Despite a trial attorney’s failure to include a pretrial transcript in the record on a defendant’s direct appeal, the defendant is not entitled to post-conviction relief because the Indiana Court of Appeals would not have found prejudice in the attorney’s performance, the court ruled Friday in addressing the case for the second time.
In William E. Mays v. State of Indiana, 18A-PC-2071, Williams Mays was convicted of Class A felony attempted murder and Class B felony unlawful possession of a firearm by a serious violent felon after shooting Stanley Flowers Jr., in the arm and back. The two men had argued after Mays threatened to take Flowers’ truck and “stuff.”
In February 2006, after the omnibus date had passed, the state was granted permission to amend the charging information against Mays to add an attempted murder count. According to the record presented on direct appeal, Mays’ trial counsel did not object to the amendment or request a continuance at a pretrial hearing, so the Indiana Court of Appeals thus ruled the issue was waived on direct appeal.
In finding the issue waived in 2007, the COA declined to reach the merits of Mays’ argument under Fajardo v. State, 859 N.E.2d 1201, 1207-08 (Ind. 2007). Fajardo “held that errors under (Indiana Code Section 35-34-1-5(b) (2005)) , when they related to amendments ‘of substance,’ were reversible errors without regard to actual prejudice suffered by the defendant.”
Then in 2015, Mays filed for post-conviction relief, arguing his appellate counsel failed to adequately present the Fajardo claim, leading to its waiver. Evidence admitted at a subsequent evidentiary hearing revealed his trial counsel had objected to the amended charging information at the 2006 pretrial conference.
Despite that, the trial court denied the PCR petition, finding Mays’ alibi defense “would have been equally available … after the amended charge was added.” Thus, the trial court held, Mays failed to prove that the result of his direct appeal would have been different but for his appellate counsel’s error.
The Court of Appeals reached a similar holding on Friday, with Judge Edward Najam writing first that “(t)he failure of Mays’ appellate counsel to provide us with an adequate record to permit meaningful review was objectively unreasonable.” Additionally, Najam said the lower court clearly erred when it found that the Court of Appeals, if it had reached the merits of the Fajardo claim, “would have held that the State’s amendment was one of form and not substance under Fajardo.”
“Nonetheless, we would not have reversed Mays’ convictions in Mays I because Fajardo was no longer good law,” Najam said. “Instead of applying Fajardo, we would have held that our legislature’s quick amendment to Indiana Code Section 35-34-1-5(b) superseded and negated Fajardo’s holding.”
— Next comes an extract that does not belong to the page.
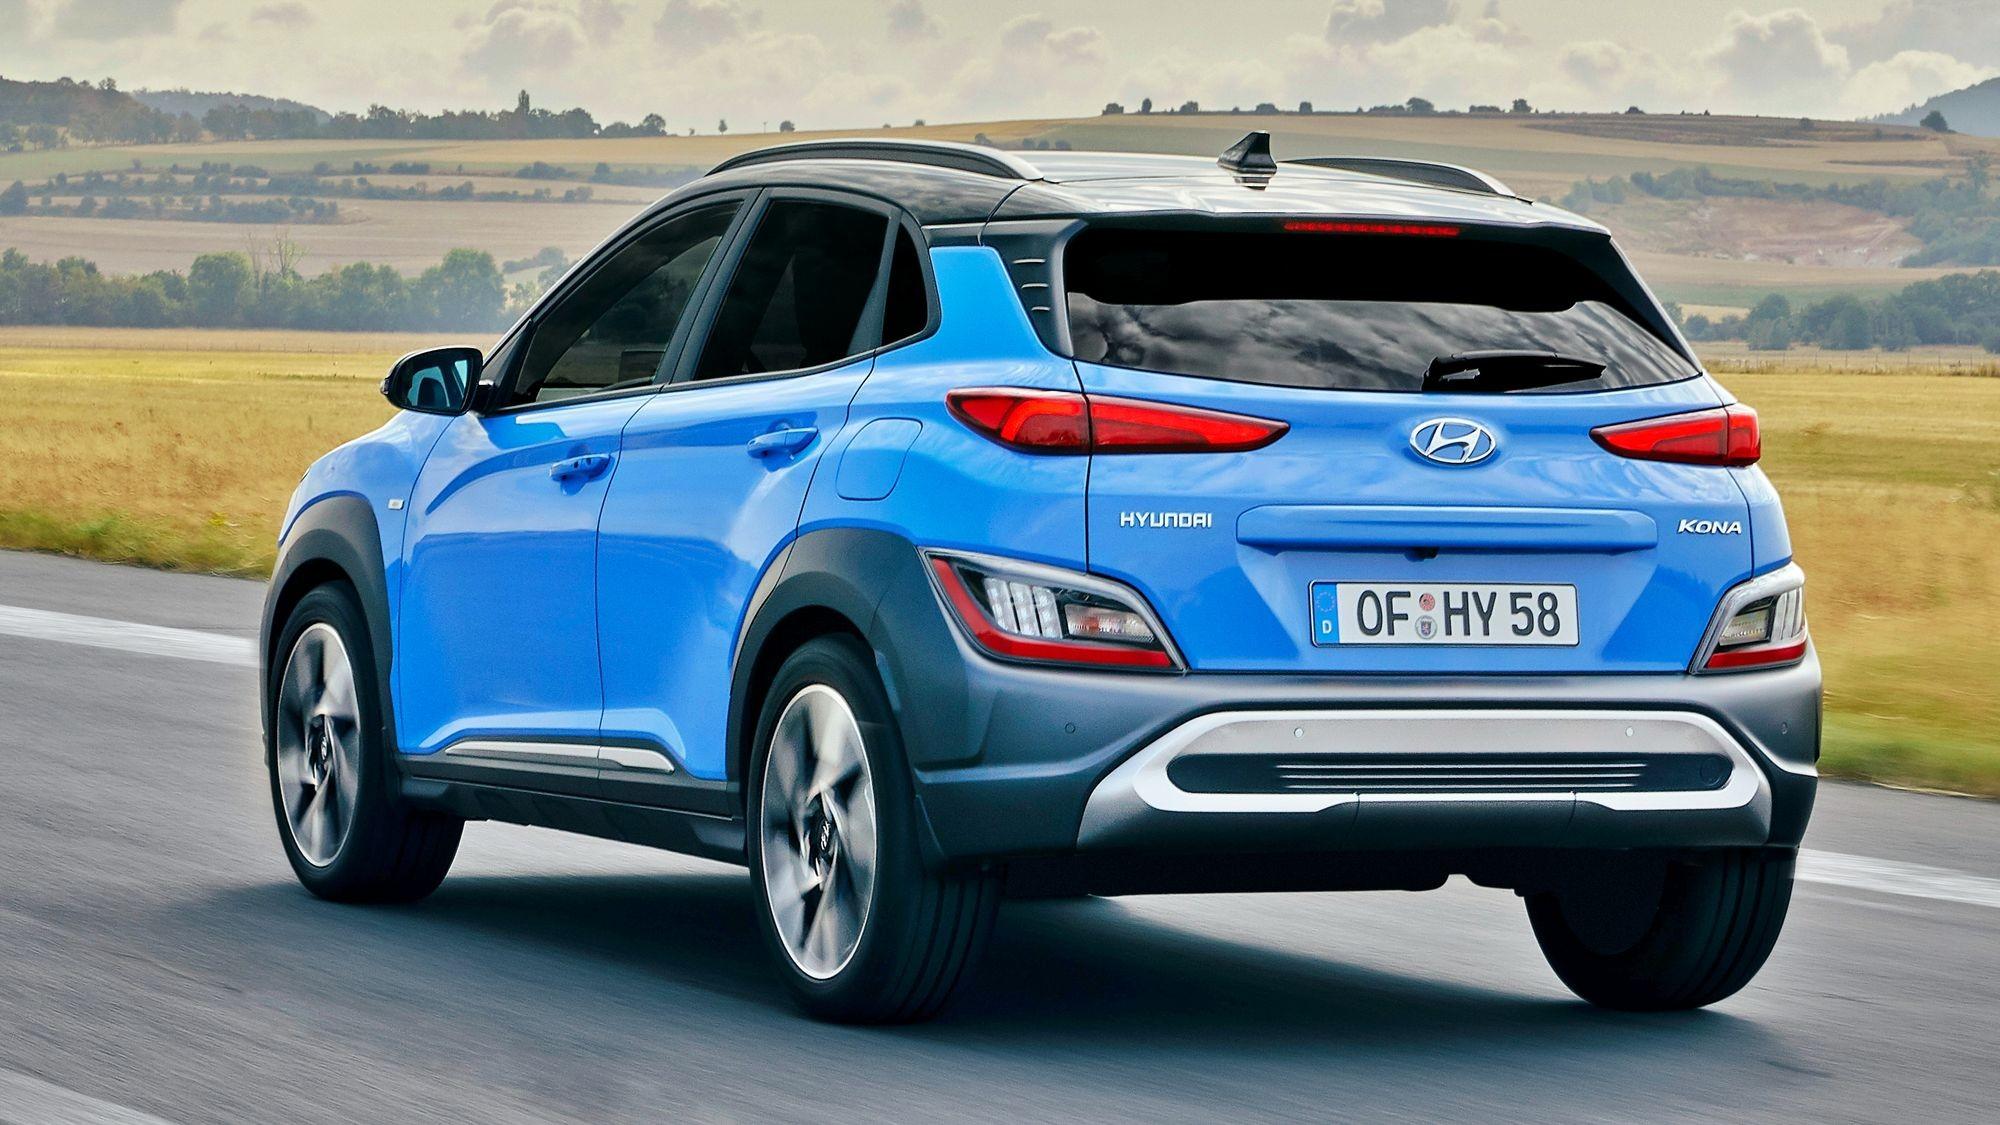 Обновлённая Hyundai Kona: МКП с автоматически сцеплением и версия N Line

“Thus, had we reached the merits of Mays’ Fajardo claim in his direct appeal, the correct resolution would have been to apply the amended statute, not Fajardo, which in turn would have required this Court to consider as the trial court did here, whether the State’s untimely amendment to the charging information prejudiced Mays’ substantial rights,” he said.
In making that consideration, Najam said the Court of Appeals would have found no prejudice because Mays had notice of the amendment before the state requested it, and his trial date was set with his agreement. Further, Mays’ alibi defense did not change after the charging information was amended.
Finally, the appellate court rejected Mays’ post-briefing argument that he should be granted relief under 7th Circuit precedent in Jones v. Zatecky, ___ F.3d ___, No. 17-2606, 2019 WL 966601 (7th Cir. Feb. 28, 2019) and Shaw v. Wilson, 721 F.3d 908, 911 (7th Cir. 2013), which both drew on Haak v. State, 695 N.E.2d 994, 951 n.5 (Ind. 1998), which each addressed the applicability of I.C. 35-34-1-5(b).
“Thus, notwithstanding the federal authorities cited by Mays, we hold that the statutory amendment would have applied to Mays on direct appeal, and, as such, we affirm the post-conviction court’s denial of Mays’ petition for post-conviction relief,” Najam concluded.